ACTION ITEM: Reproduce everything from the line that contains "2017. Deluxe Superior cruiser MV Maritimo" down to the line that contains "Прокуратура обжаловала приговор" in the listing below, word for word and nothing more. Leave the pictures out.

AVAILABLE DATA:
=== Begin Enclosure ===

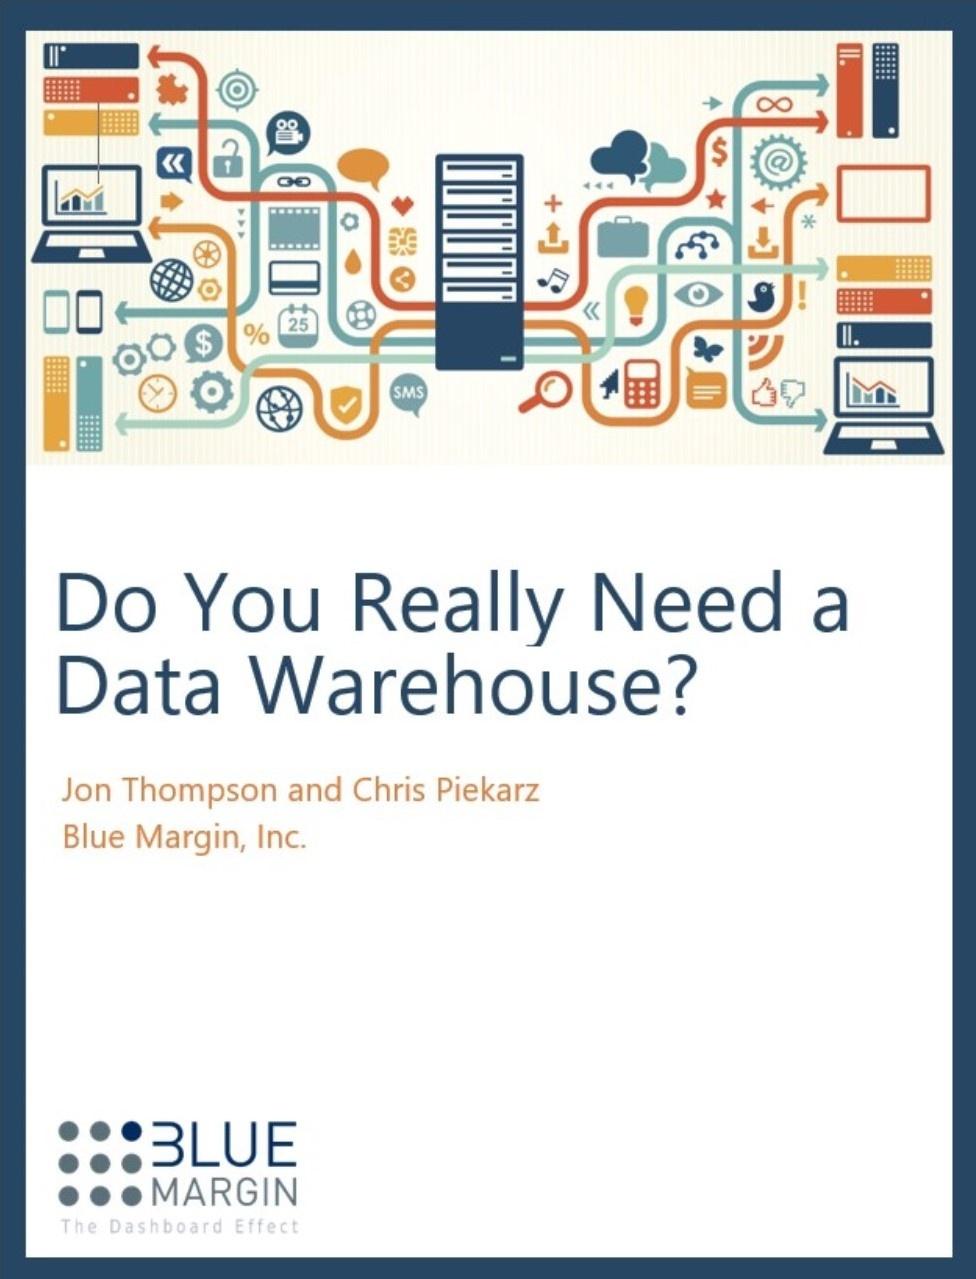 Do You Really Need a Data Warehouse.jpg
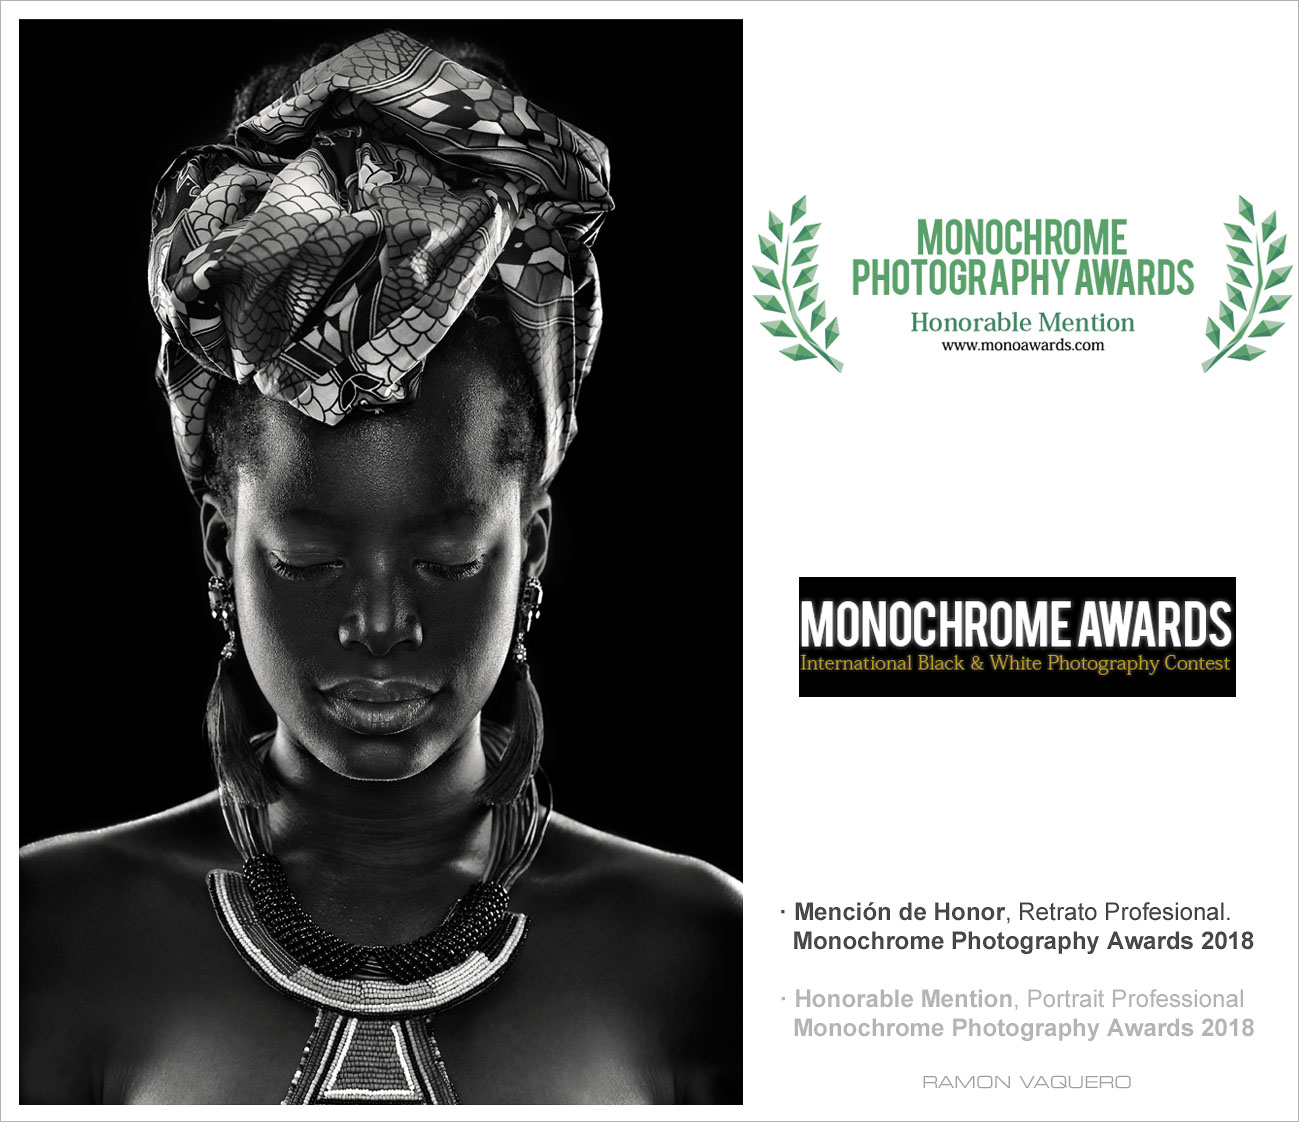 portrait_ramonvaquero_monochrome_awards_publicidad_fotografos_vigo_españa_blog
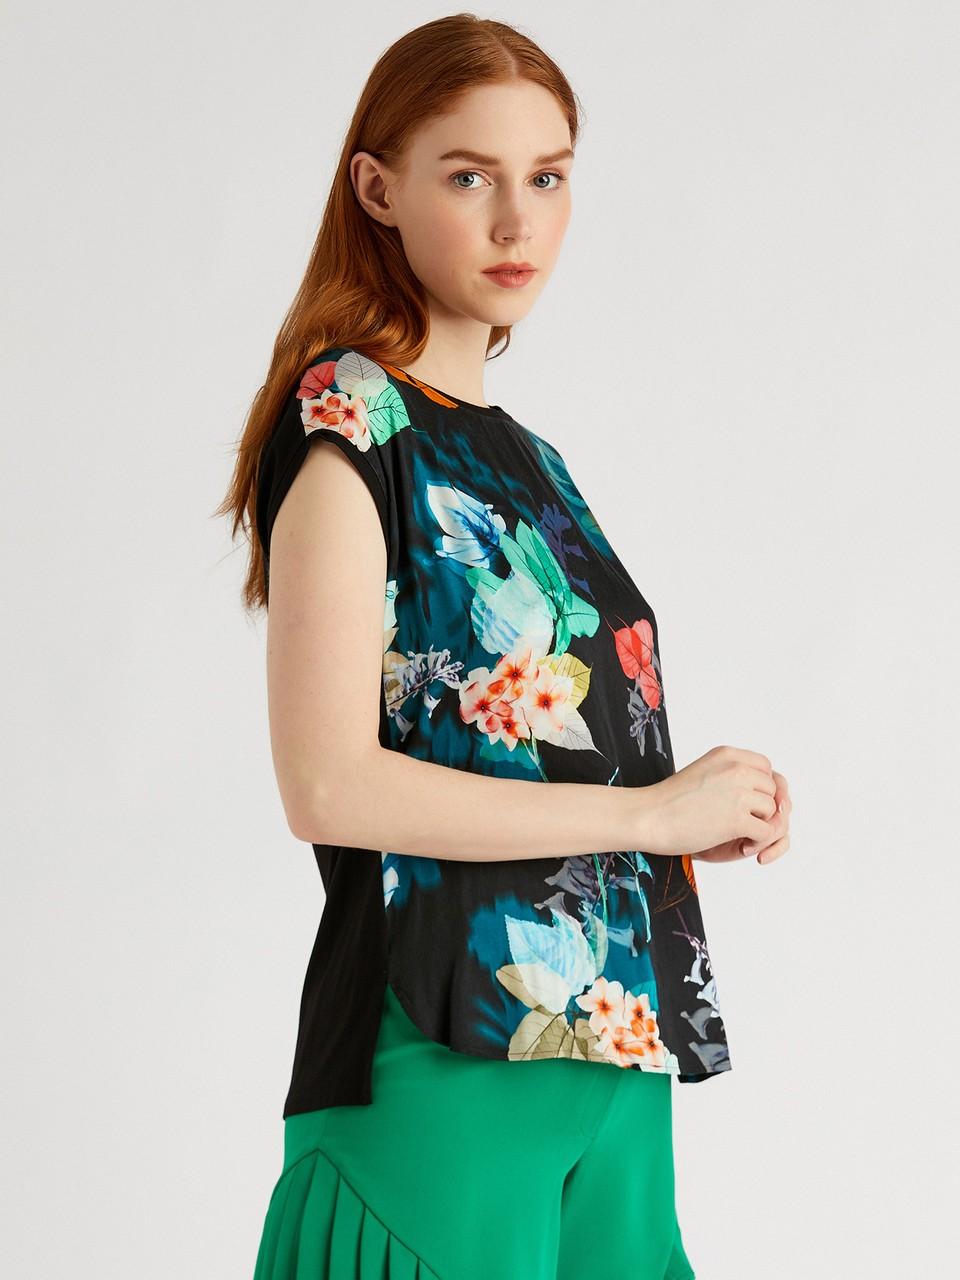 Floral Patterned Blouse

=== End Enclosure ===
=== Begin Enclosure ===

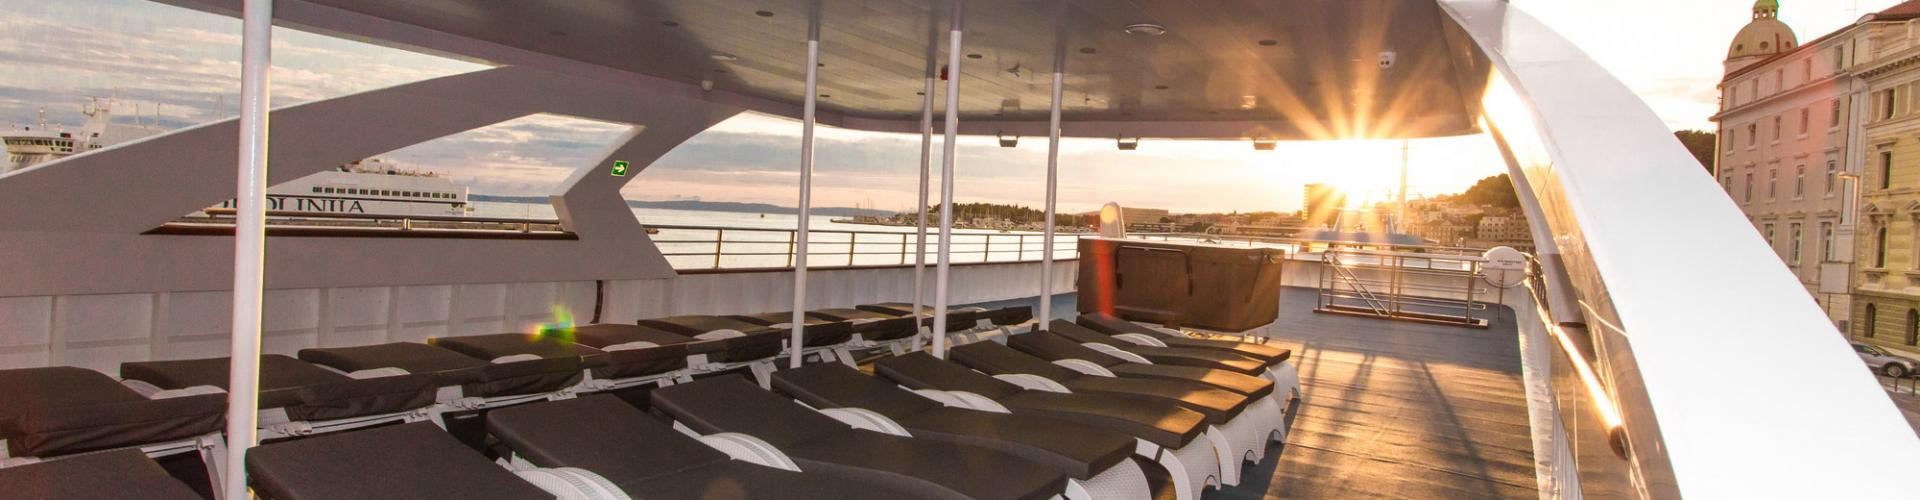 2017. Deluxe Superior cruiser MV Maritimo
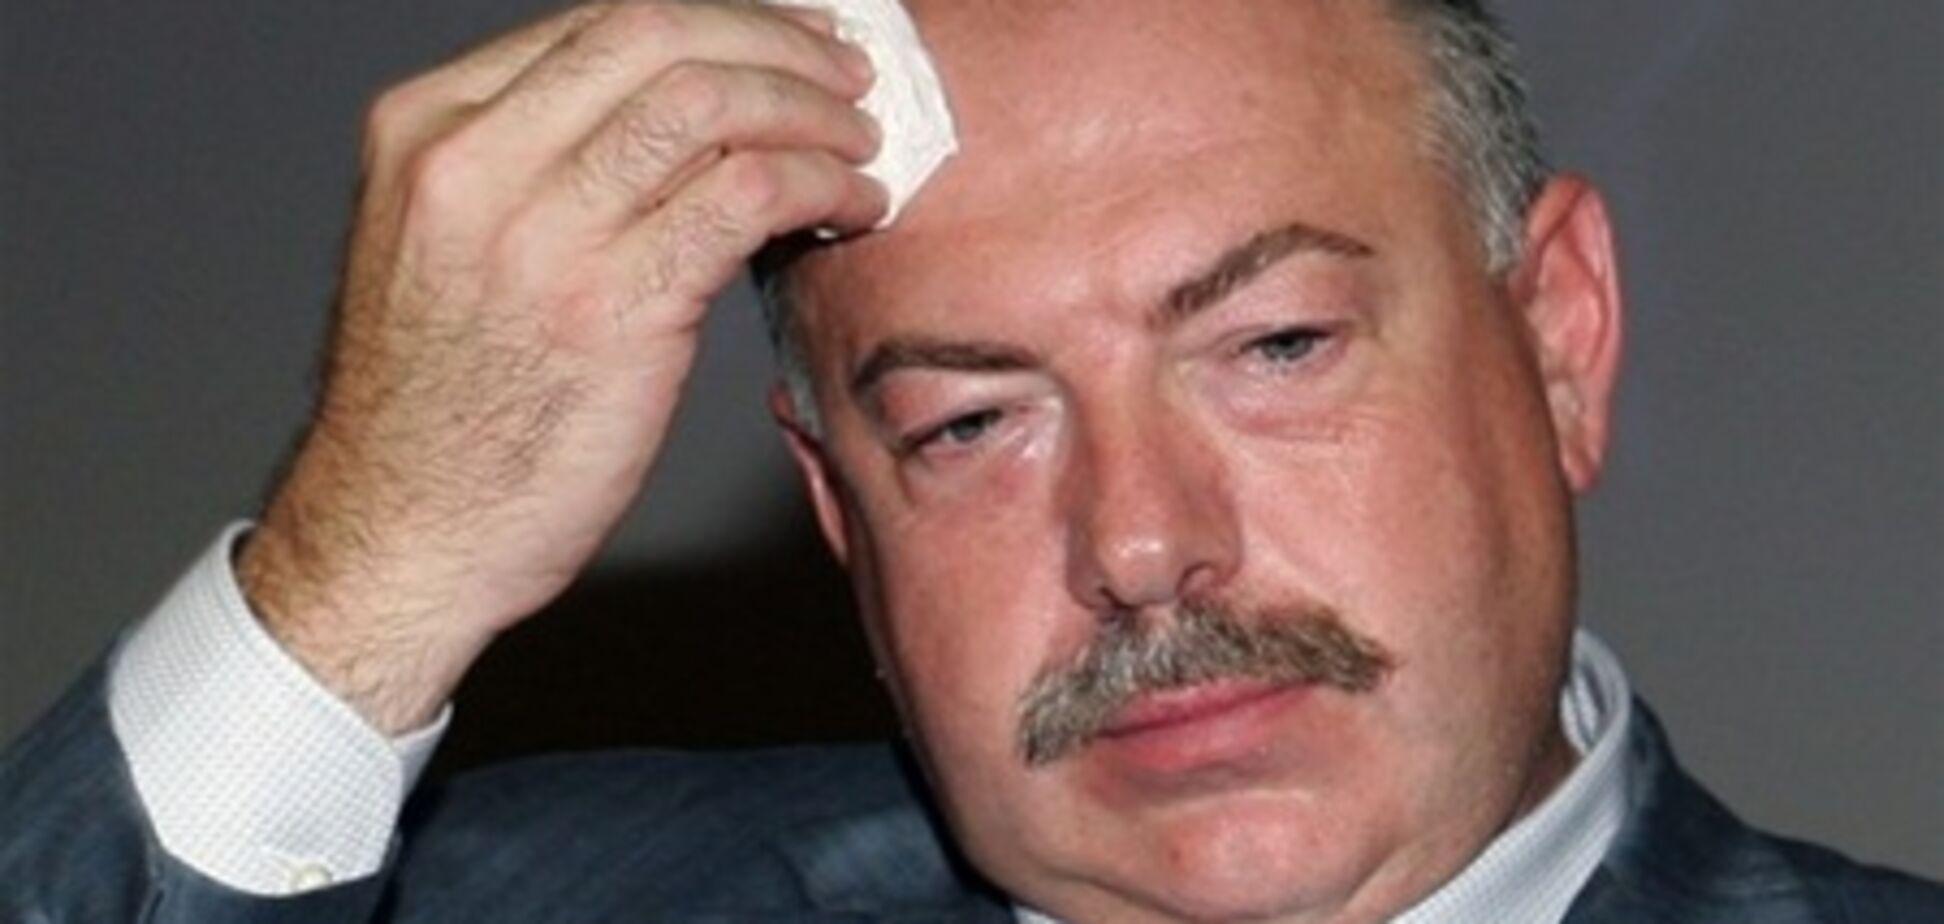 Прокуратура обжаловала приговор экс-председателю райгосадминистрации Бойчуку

=== End Enclosure ===
=== Begin Enclosure ===

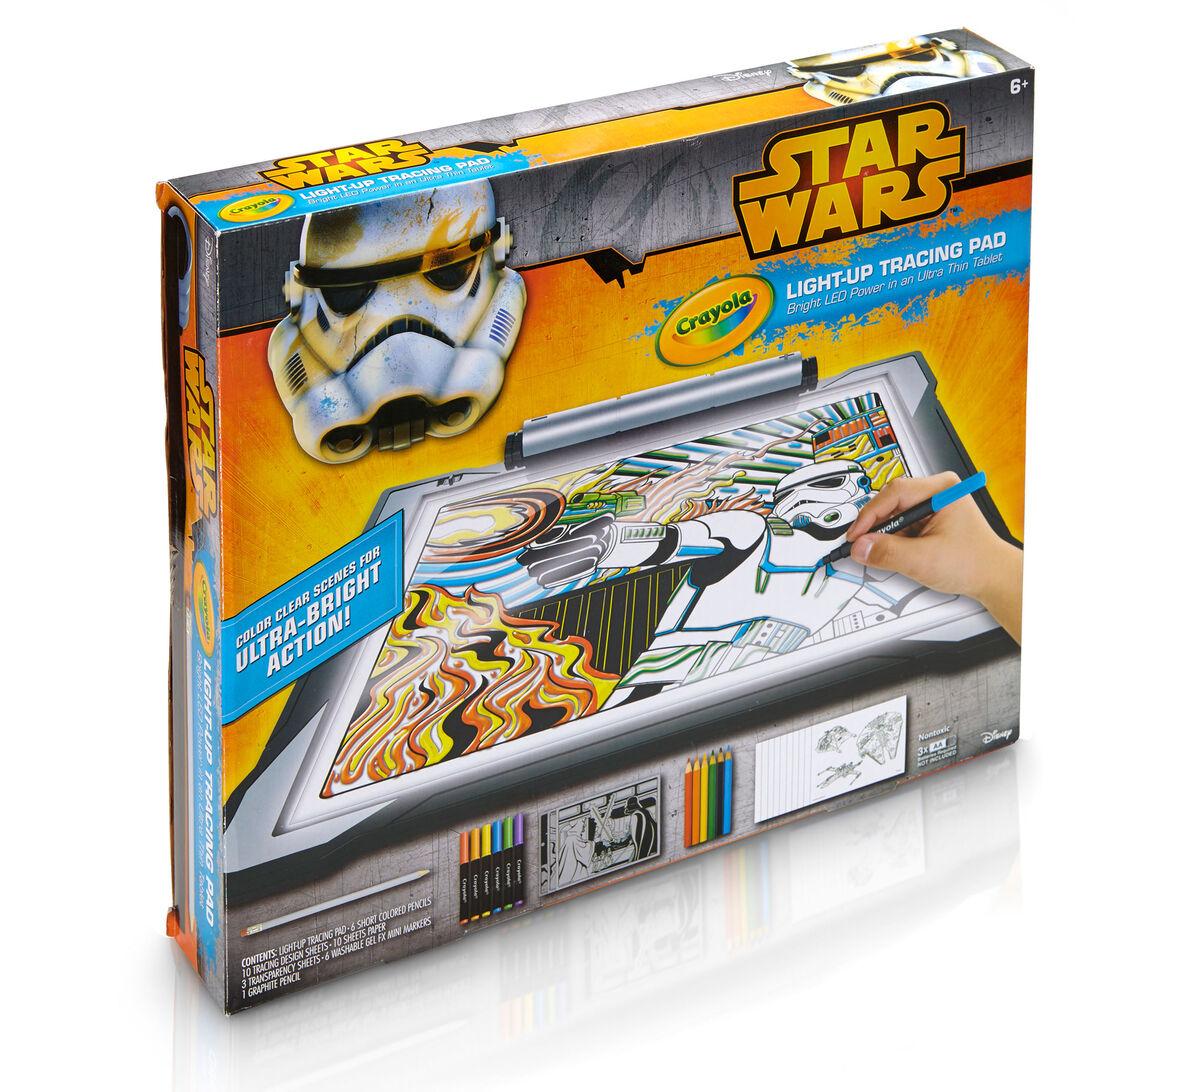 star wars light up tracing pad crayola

=== End Enclosure ===

ANSWER TO THE EXERCISE:
 2017. Deluxe Superior cruiser MV Maritimo
 Прокуратура обжаловала приговор экс-председателю райгосадминистрации Бойчуку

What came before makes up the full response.